The Russian went directly to the spot where she'd been before, inspecting the boxes carefully. He stopped, bent over, and picked up something. "You left something, Chinese girl," he called. He seemed to be holding something between his fingers, but she could not see what it was from across the room. "I have it right here," he called tauntingly. "You left long very nice black hair."

Instinctively she touched her head, as if to feel the hair's absence.

"I like this hair," called the Russian. "It is beautiful thing. But not as beautiful as you."

These words sent a ripple of dread through Jin Li's stomach.

"You see, I remember you, Chinese girl. I remember when you looked at this building. Maybe something like four months ago. You were wearing fancy clothes and shoes. Big businesswoman clothes. You never give back key. I know that. For most people, okay. But I notice this thing. Of course I do! I notice it because never has pretty Chinese lady come to look at building. Now I know you are here and I know those men are look for you. They told me the place where they stay."

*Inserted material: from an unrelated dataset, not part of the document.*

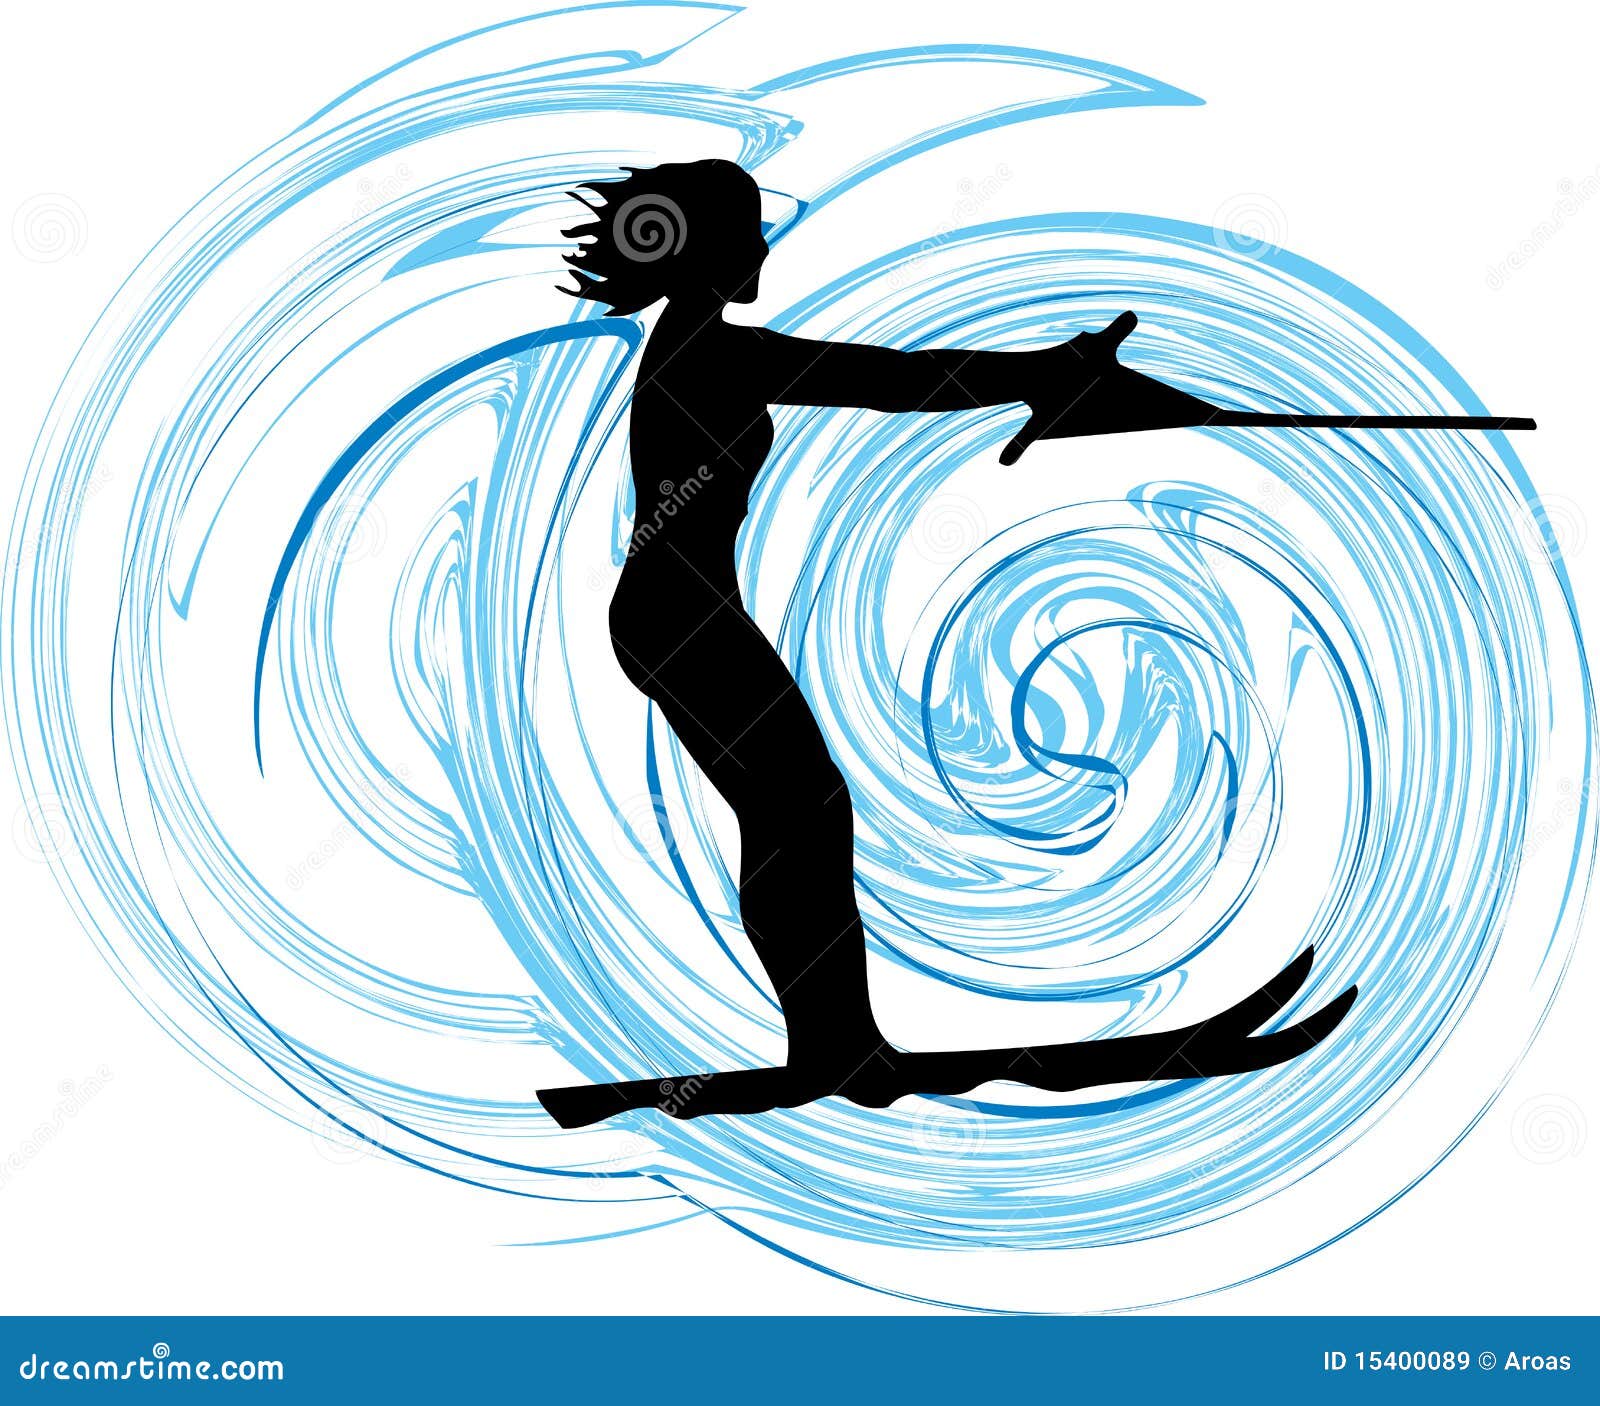 Water Skiing Woman Illustration 15400089

He sat on one of the boxes and lit a cigarette. "I think you need to talk to me. Those men will pay me to tell them you are here. They told me one thousand dollars if I tell them you are here. But they look like bad men to me. And you are pretty girl." He smoked contemplatively, holding the butt up as he spoke, as if he were speaking to the cigarette itself. "Why do they want to find you? There seems to be so much pressures with this Chinese man with the funny tape on his nose, you know? Why are they look for you? I ask myself this interesting question. So I think maybe you want to talk to me a little bit. Talk to lonely Russian man. Russian and Chinese people, it is good thing. I am kind Russian man, you will see." He opened his bag. "There is juice and bagels and apples in here," he said, setting down the bag. "This is good for energy. Help you think a lot. I want you to think about being friendly to lonely Russian man. If you are friendly to me just only one time, then I will tell Chinese man you are gone, you not here. This is good deal for you, I think. I think maybe you liked me a little bit before and so you will think yes, maybe this is good deal. Just one time. There is good mattress downstairs, I put blanket. I am going to come back in a little while, maybe one hour. This time I will lock the door downstairs. You cannot get out now."